– Сын мой! Сын мой! Умоляю вас о прощении этих несчастных! Господь помутил их разум, толкнув на путь безбожия и в объятия лже-графа Тьерри! Заклинаю вас всеми святыми! Простите их, ради Христа и его ран! Повелите отменить ваше распоряжение и отпустите их, горемычных, домой!..
Гильом повернулся к нему. Его лицо дергалось мелким нервным тиком, отчего напоминало страшную маску.

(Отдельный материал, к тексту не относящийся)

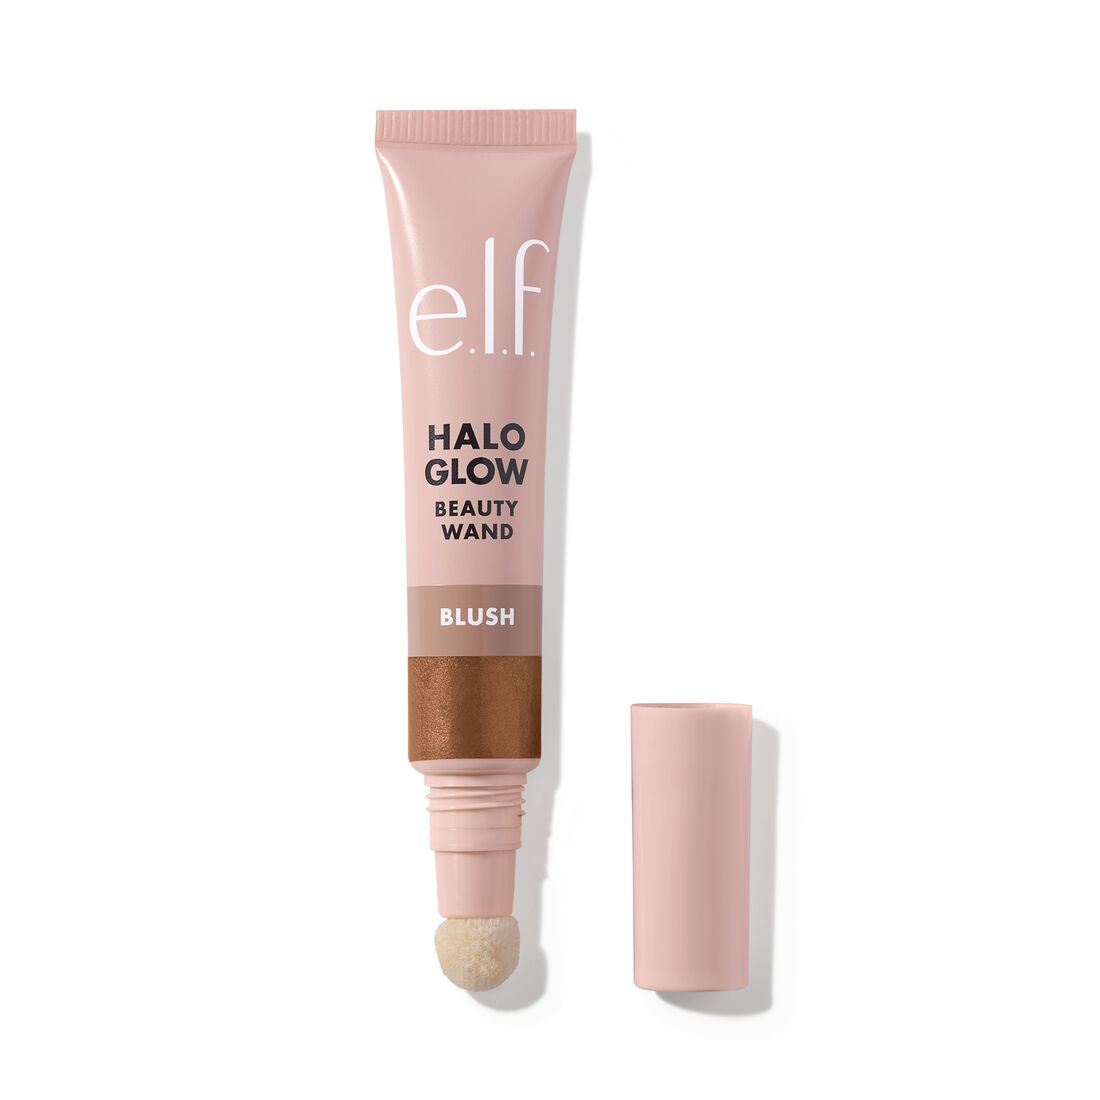 e.l.f. Halo Glow Blush Beauty Wand Liquid filter Volare Makeup Magic Hour - Bronze Gold for Fair/Tan  
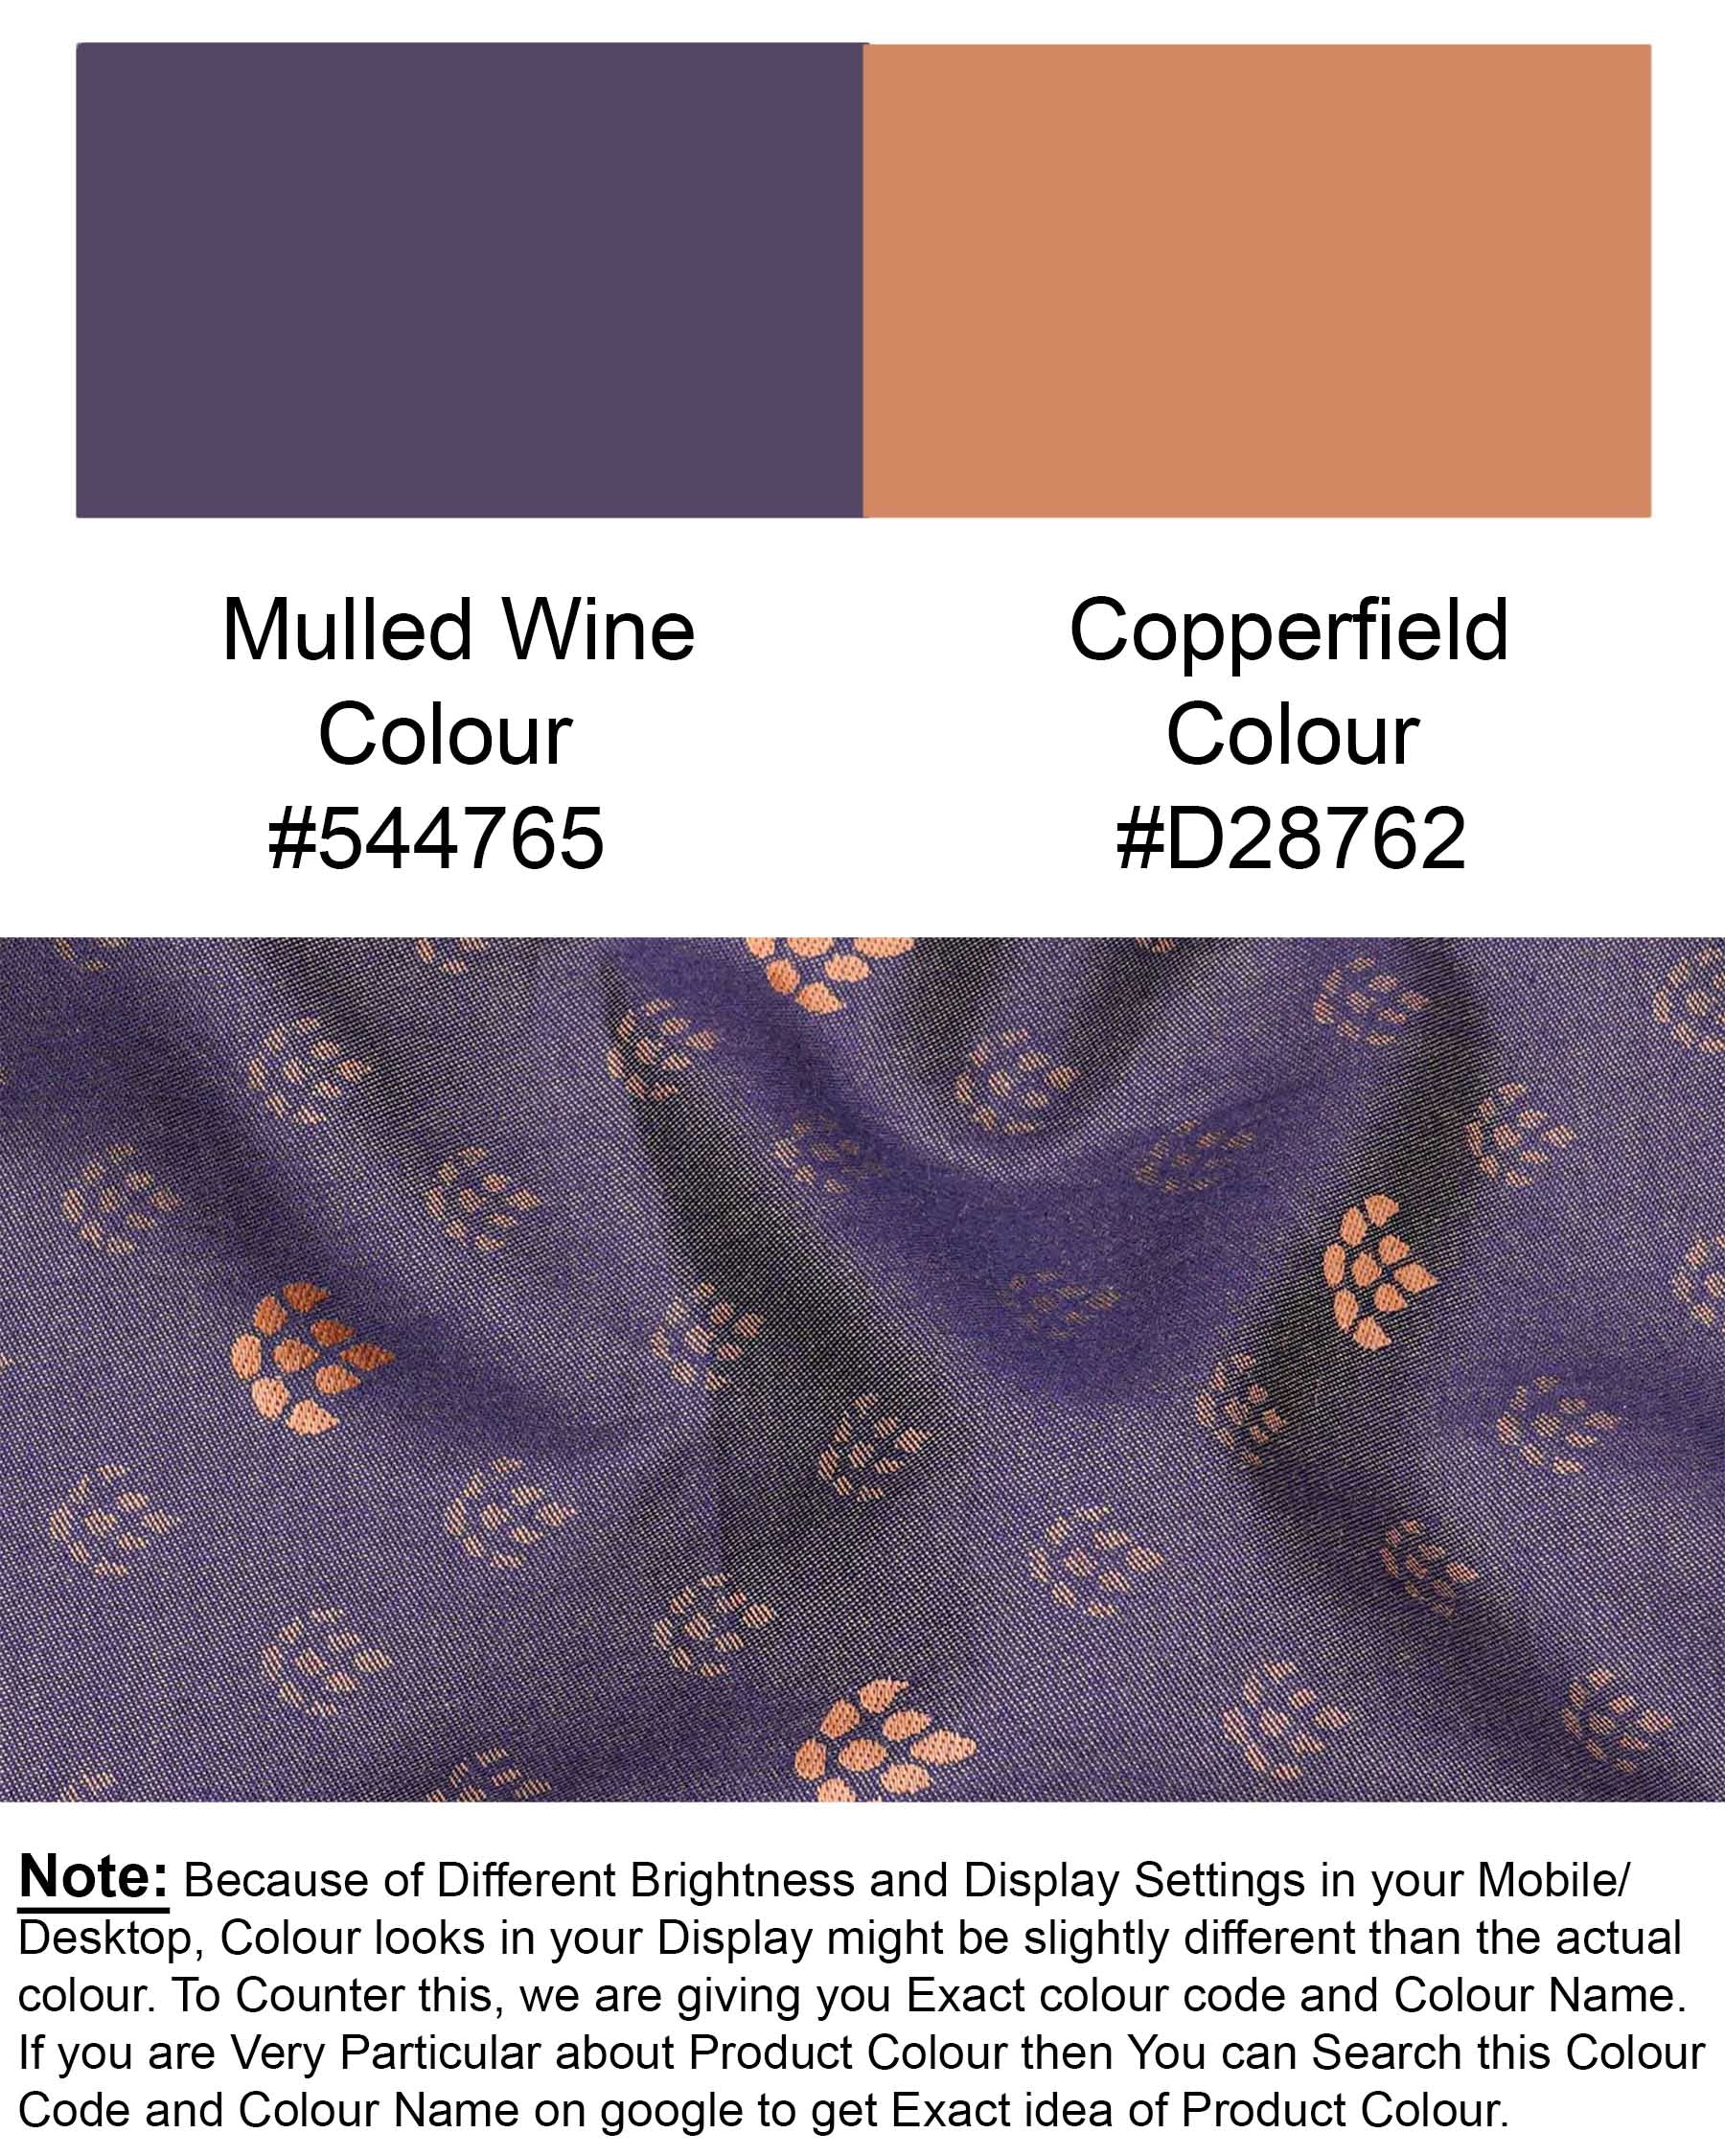 Mulled Wine Violet Paw Jacquard Textured Premium Giza Cotton Shirt 7506-BLE-38, 7506-BLE-H-38, 7506-BLE-39, 7506-BLE-H-39, 7506-BLE-40, 7506-BLE-H-40, 7506-BLE-42, 7506-BLE-H-42, 7506-BLE-44, 7506-BLE-H-44, 7506-BLE-46, 7506-BLE-H-46, 7506-BLE-48, 7506-BLE-H-48, 7506-BLE-50, 7506-BLE-H-50, 7506-BLE-52, 7506-BLE-H-52

– Ваше преосвященство… – он едва сдерживал свои эмоции, стараясь говорить со священником в приличествующих интонациях, – я никогда не отменю то, что уже изволил произнести вслух. Такова, видит Господь, моя монаршая воля. Враг, каким бы несчастным и раздавленным он не казался, все-таки, как ни крути, был, есть и останется врагом до тех пор, пока он или не умрет, или, как в этом случае, не окажется вне войны!..
Епископ схватился за сердце и, охая, стал давить своим болезненным видом на жалость графа.
– Ваша светлость! Умоляю, хотя бы, не казнить пленников… – хрипя, произнес он.
– Увы, епископ, и здесь я ничем не смогу помочь… – граф отмахнулся от него, повернулся и пошел прочь. – Все уже решено…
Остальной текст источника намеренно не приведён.